PROVIDED MATERIAL:
• • • • •

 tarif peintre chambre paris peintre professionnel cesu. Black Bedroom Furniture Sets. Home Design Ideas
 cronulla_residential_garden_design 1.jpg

• • • • •

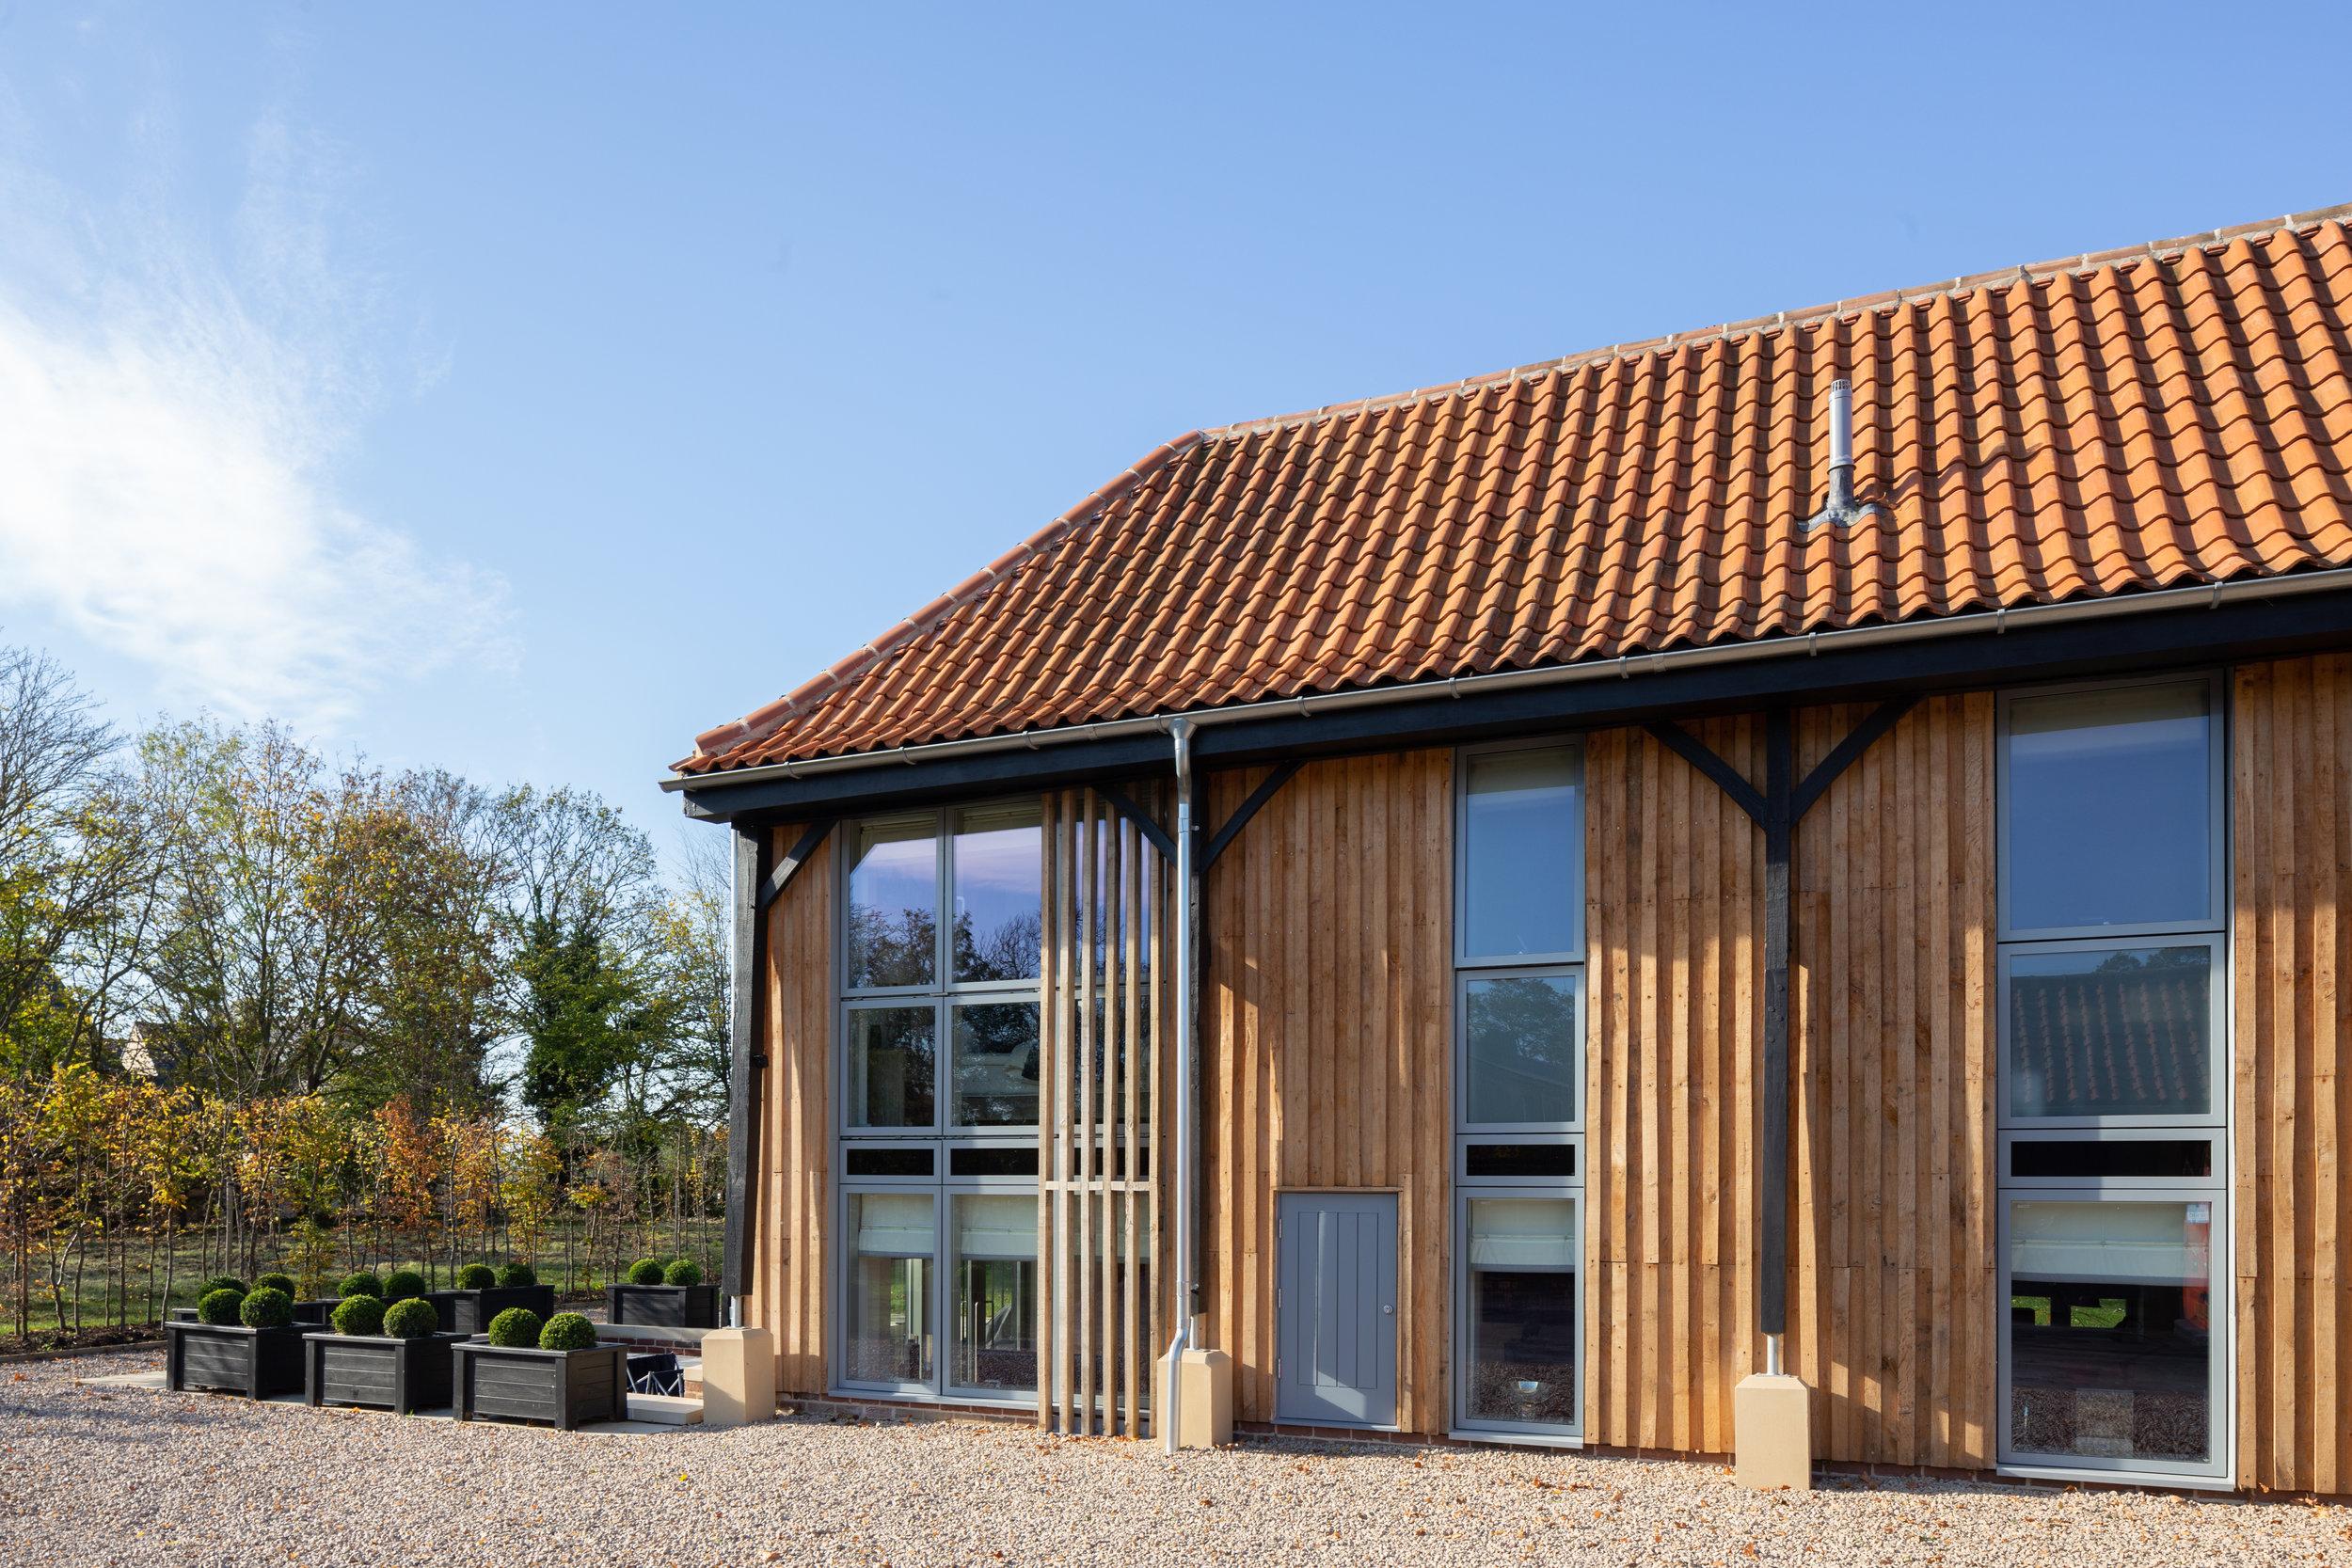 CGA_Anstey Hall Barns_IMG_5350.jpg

• • • • •

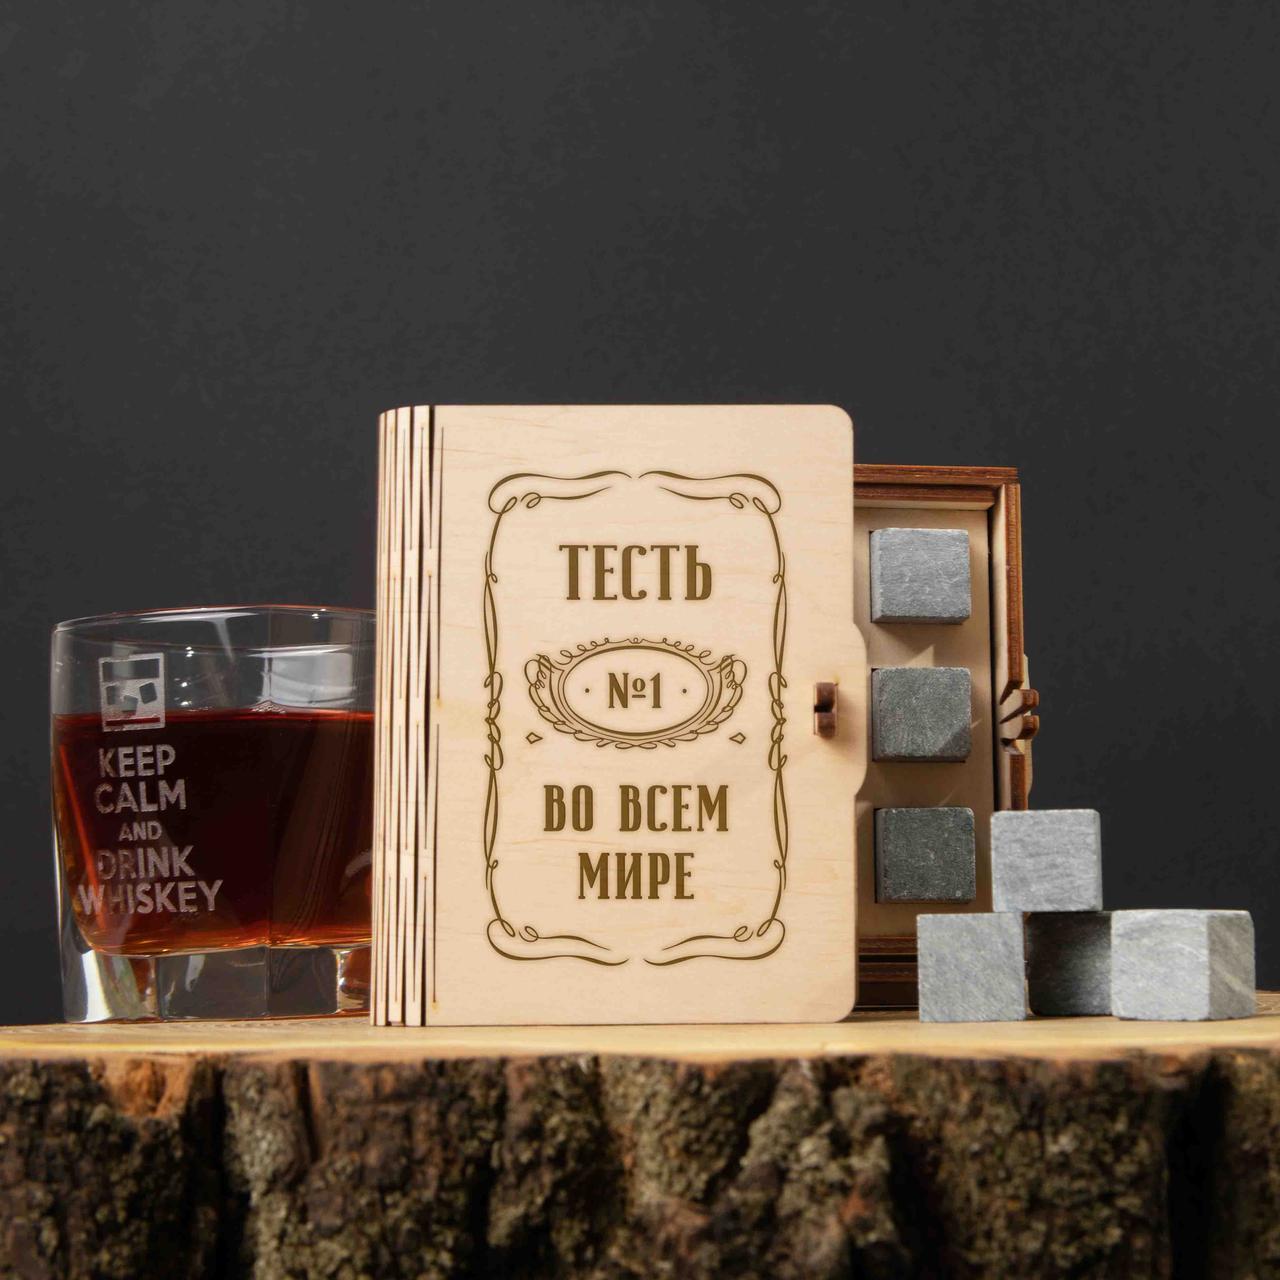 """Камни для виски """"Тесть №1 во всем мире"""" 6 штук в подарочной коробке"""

• • • • •

ABOUT THIS EXERCISE:
Starting at the line above that contains "tarif peintre chambre", repeat each line exactly up to and including the line that contains "cronulla_residential_garden_design 1.jpg", and stop there.

TASK OUTPUT:
 tarif peintre chambre paris peintre professionnel cesu. Black Bedroom Furniture Sets. Home Design Ideas
 cronulla_residential_garden_design 1.jpg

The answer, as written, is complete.